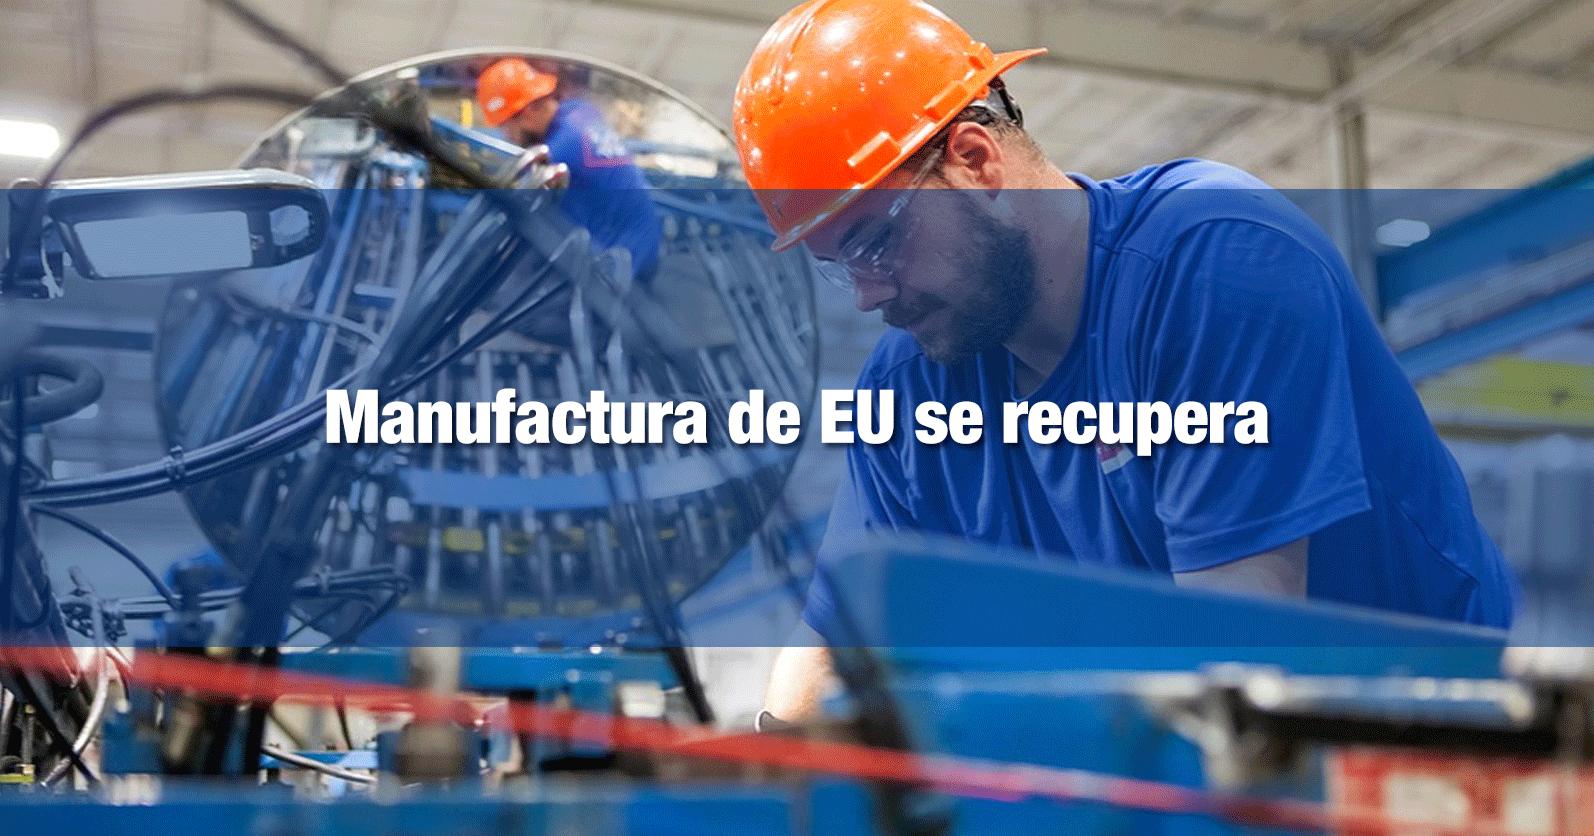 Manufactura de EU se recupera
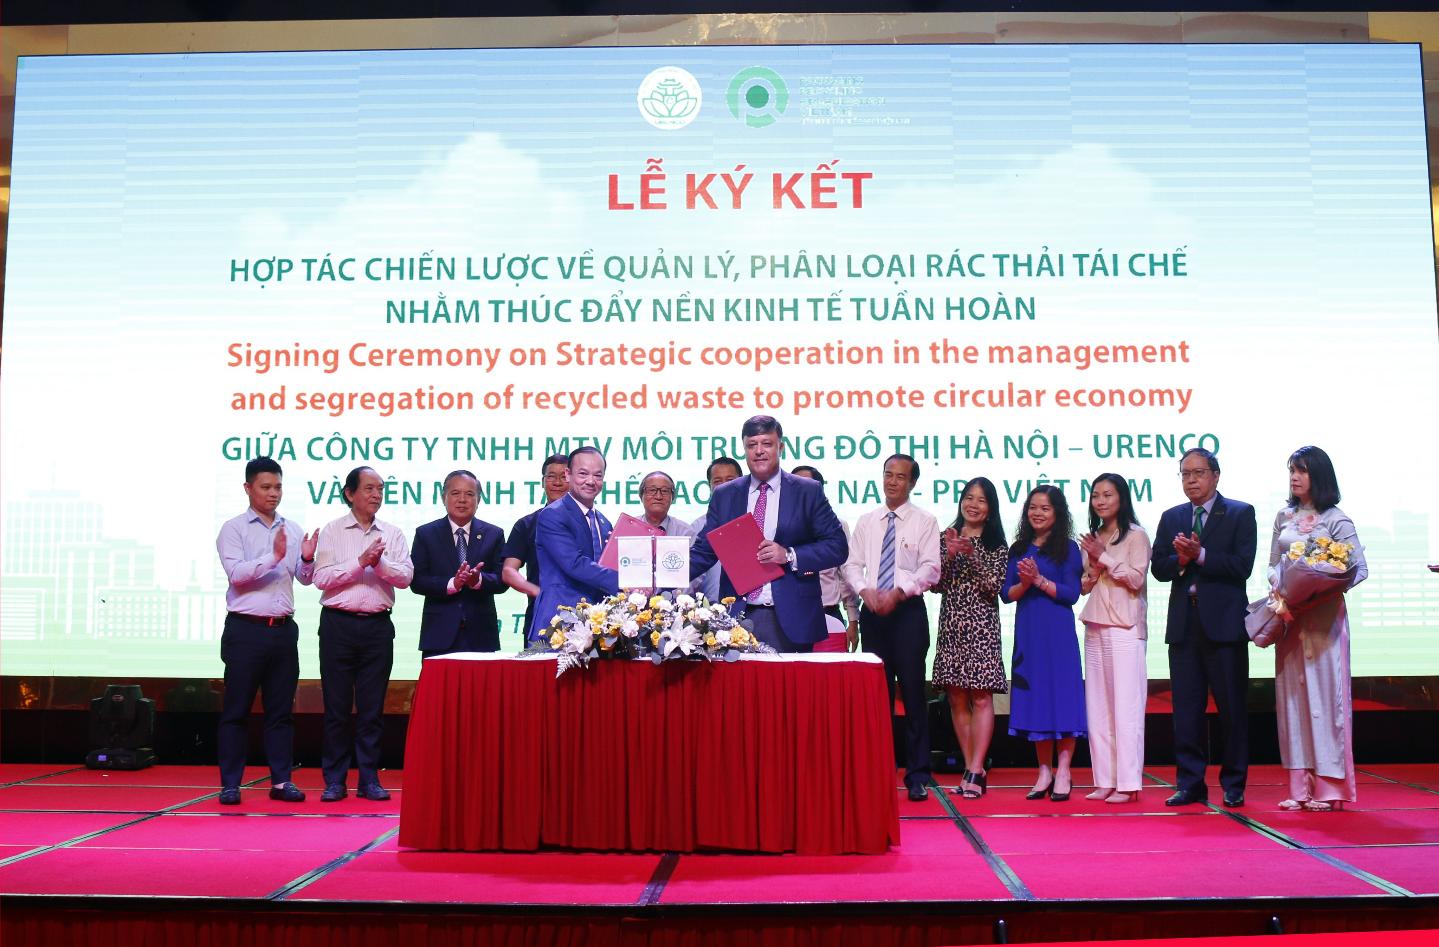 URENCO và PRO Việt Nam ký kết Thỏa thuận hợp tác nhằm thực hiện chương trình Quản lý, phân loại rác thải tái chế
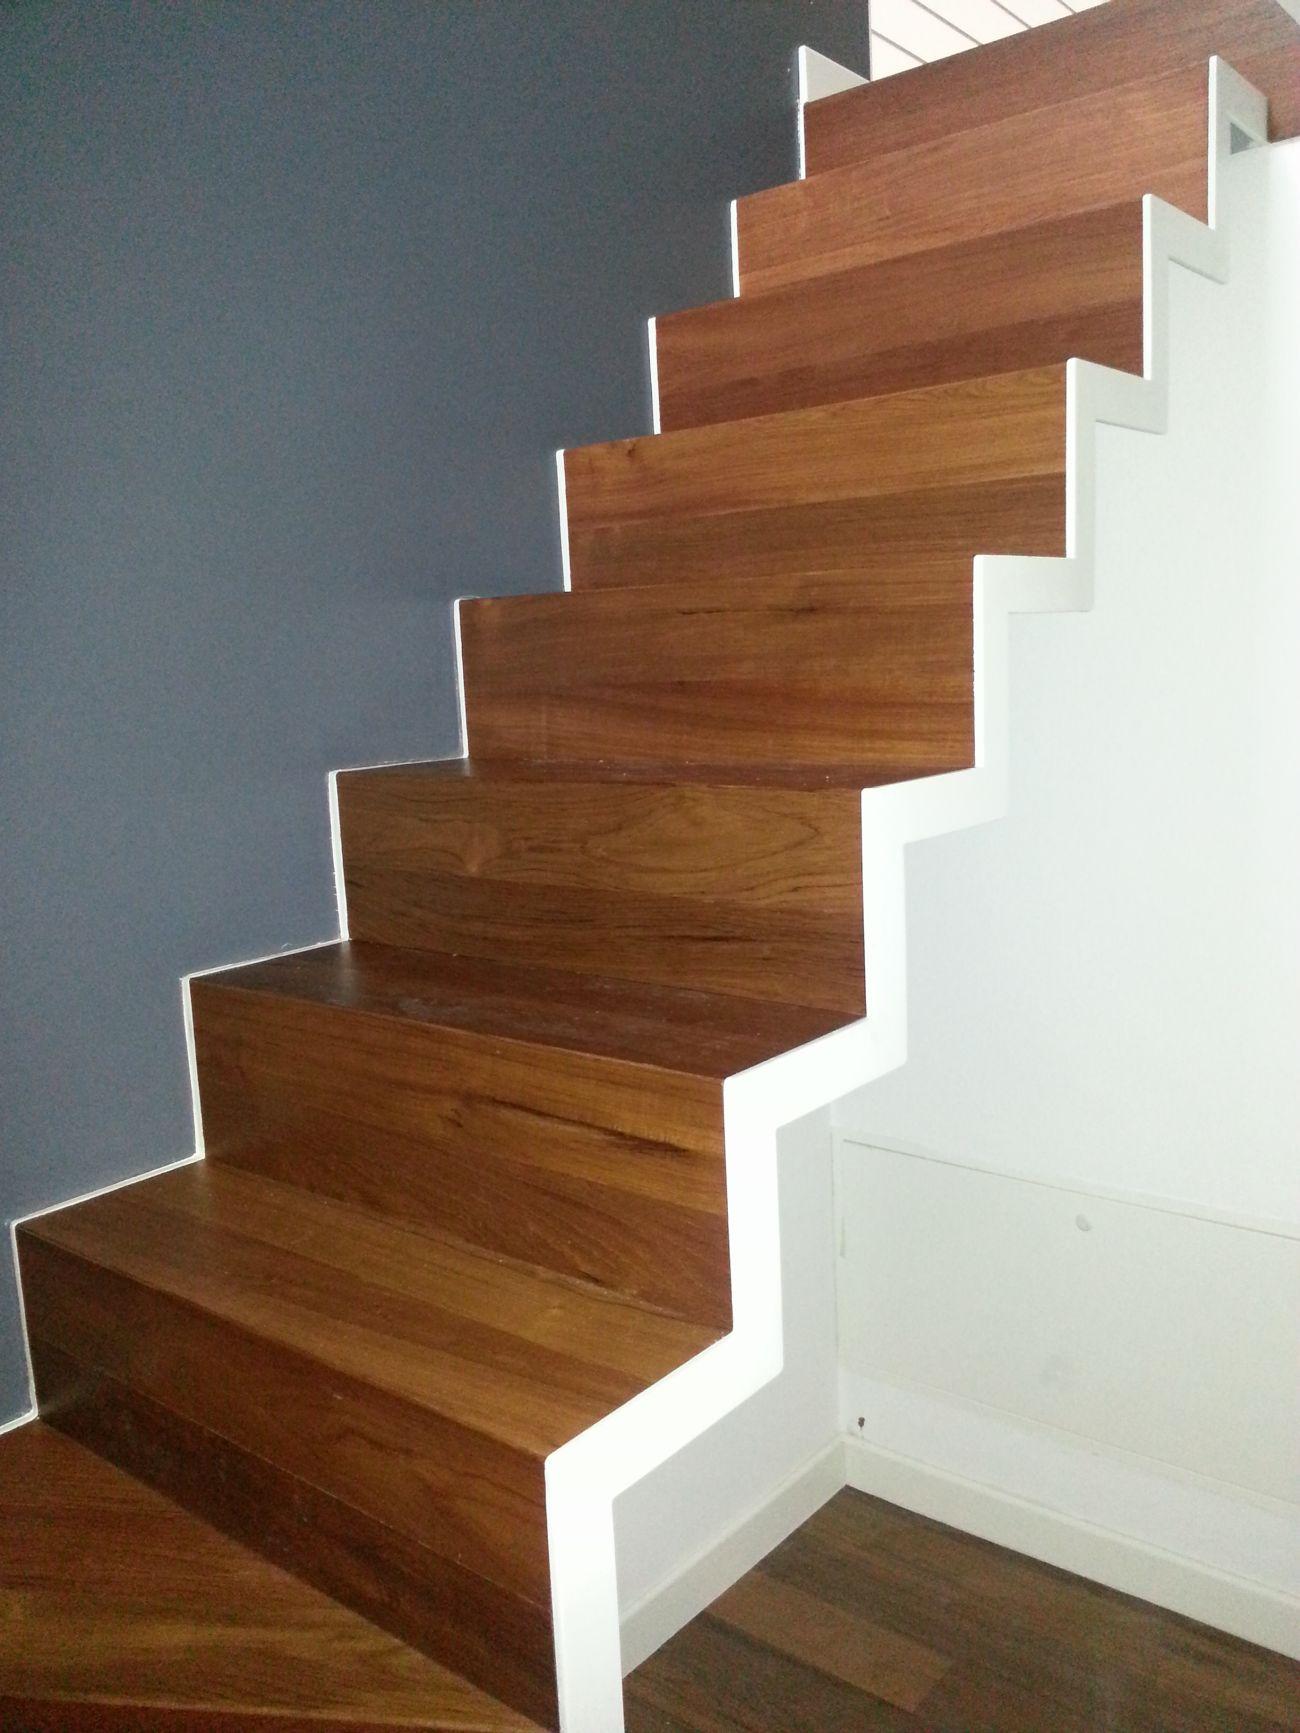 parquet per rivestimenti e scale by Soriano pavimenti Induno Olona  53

::::

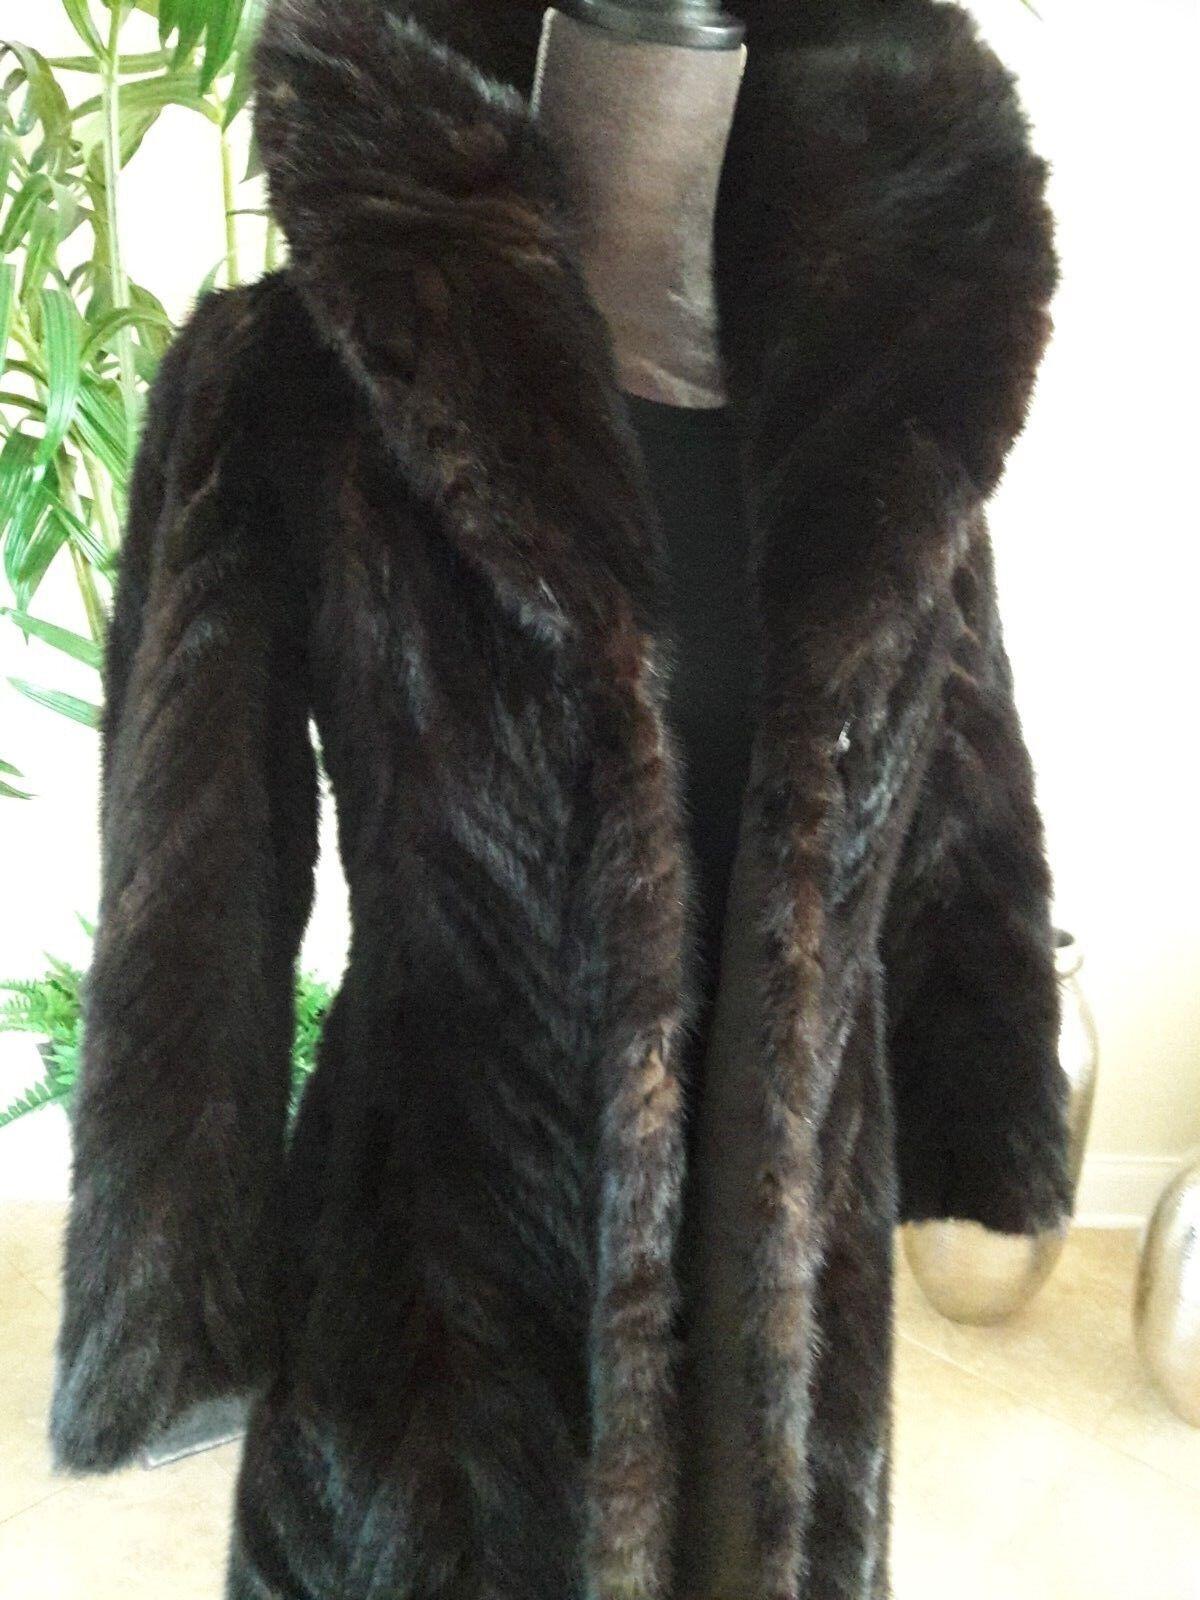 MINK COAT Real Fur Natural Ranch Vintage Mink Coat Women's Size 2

::::

■ TO DO
Return the material from the line containing "Manufactura de EU se recupera" through the line containing "parquet per rivestimenti", exactly and in full, but without its pictures.

■ ANSWER TO THE PROBLEM
 Manufactura de EU se recupera
 URENCO và PRO Việt Nam ký kết Thỏa thuận hợp tác nhằm thực hiện chương trình Quản lý, phân loại rác thải tái chế
 parquet per rivestimenti e scale by Soriano pavimenti Induno Olona  53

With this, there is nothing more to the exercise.